Final answer:
To find the distance between the two hikers who took different paths, we can use the Pythagorean theorem. The first hiker traveled 2 miles east and 1 mile north, while the second hiker traveled 1.5 miles west and then 3 miles south. By applying the Pythagorean theorem to both paths, we can calculate the distance between the two hikers.
Step-by-step explanation:
To find the distance between the two hikers, we need to use the Pythagorean theorem. Let's consider the first hiker's path as a right triangle with the 2-mile east side as the adjacent side and the 1-mile north side as the opposite side. The hypotenuse of this triangle represents the distance traveled by the first hiker.

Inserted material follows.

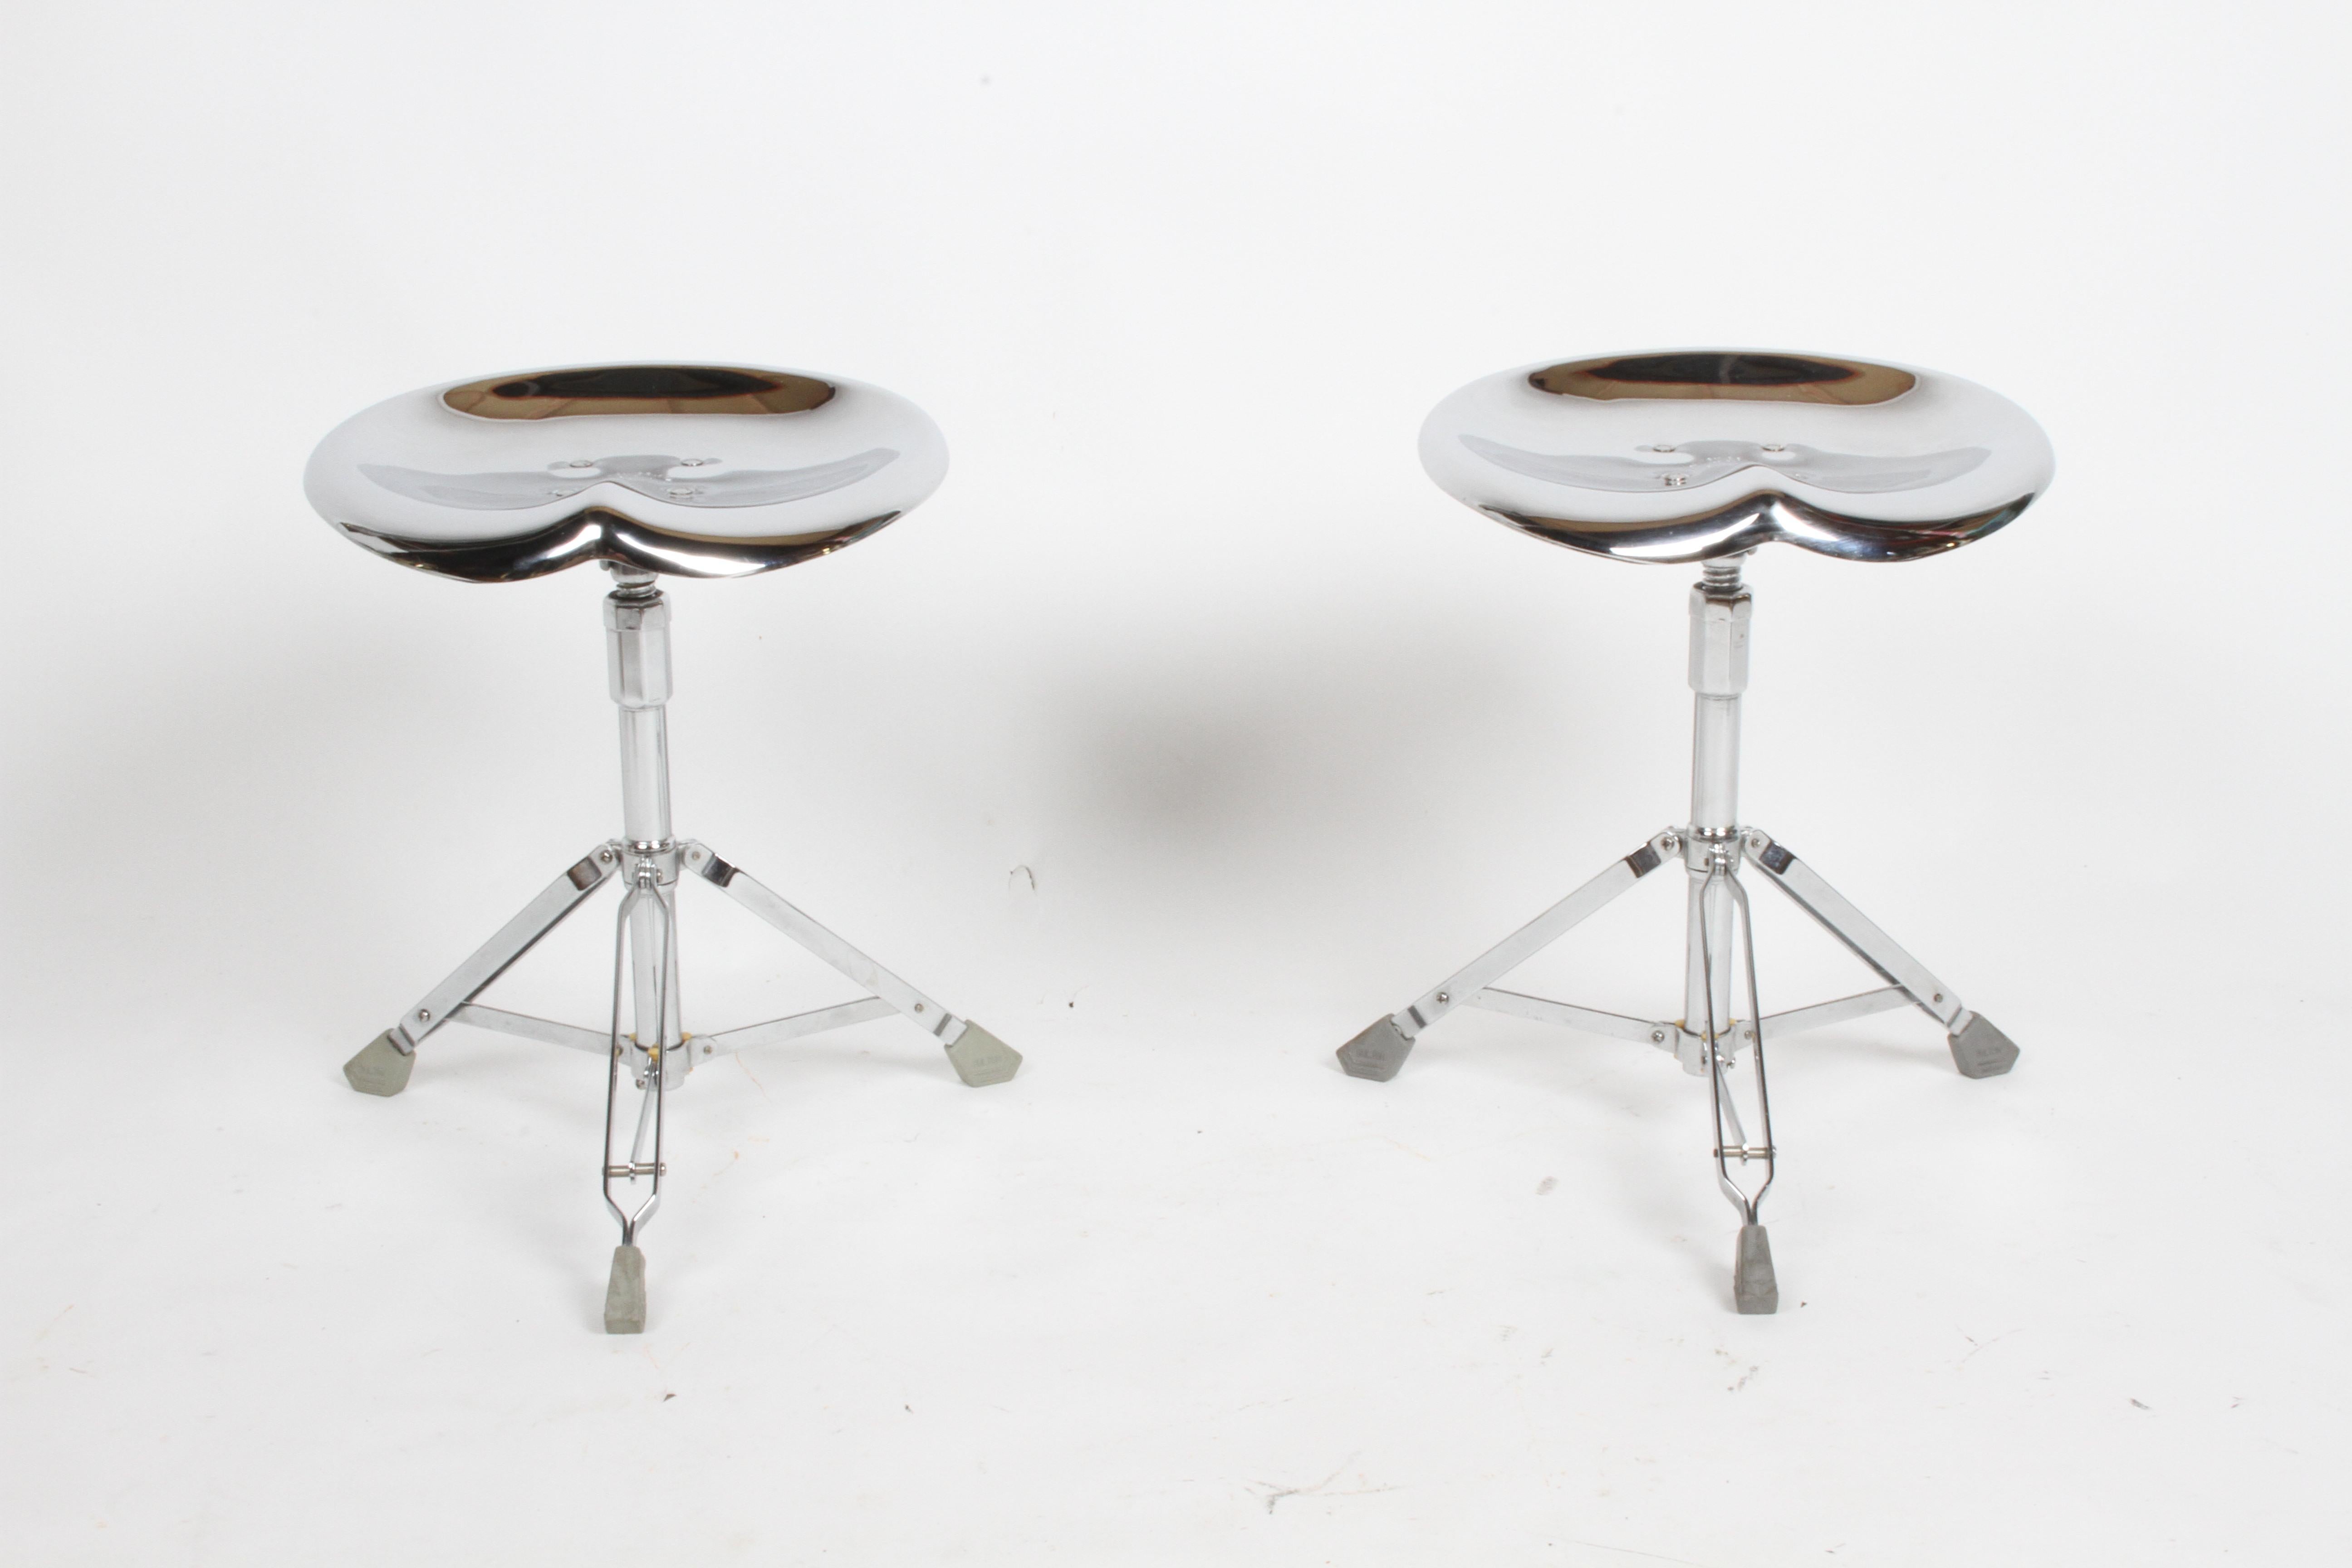 1970s stainless steel molded tractor seat on drum set throne stool base by Japanese designer Yasuaki Sasamoto and produced by Dulton Co. Rare early design. Maker's mark engraved underneath the seat.  Fully adjustable and  collapsible, height adjusts

Using the Pythagorean theorem, we can calculate the length of the hypotenuse as follows:
Distance = sqrt((2^2) + (1^2)) = sqrt(4 + 1) = sqrt(5)
Similarly, for the second hiker's path, we can consider it as a right triangle with the 1.5-mile west side as the adjacent side and the 3-mile south side as the opposite side. Applying the Pythagorean theorem, we can find the length of the hypotenuse:
Distance = sqrt((1.5^2) + (3^2)) = sqrt(2.25 + 9) = sqrt(11.25) = 3.35
Therefore, the two hikers are approximately 3.35 miles apart to the nearest hundred.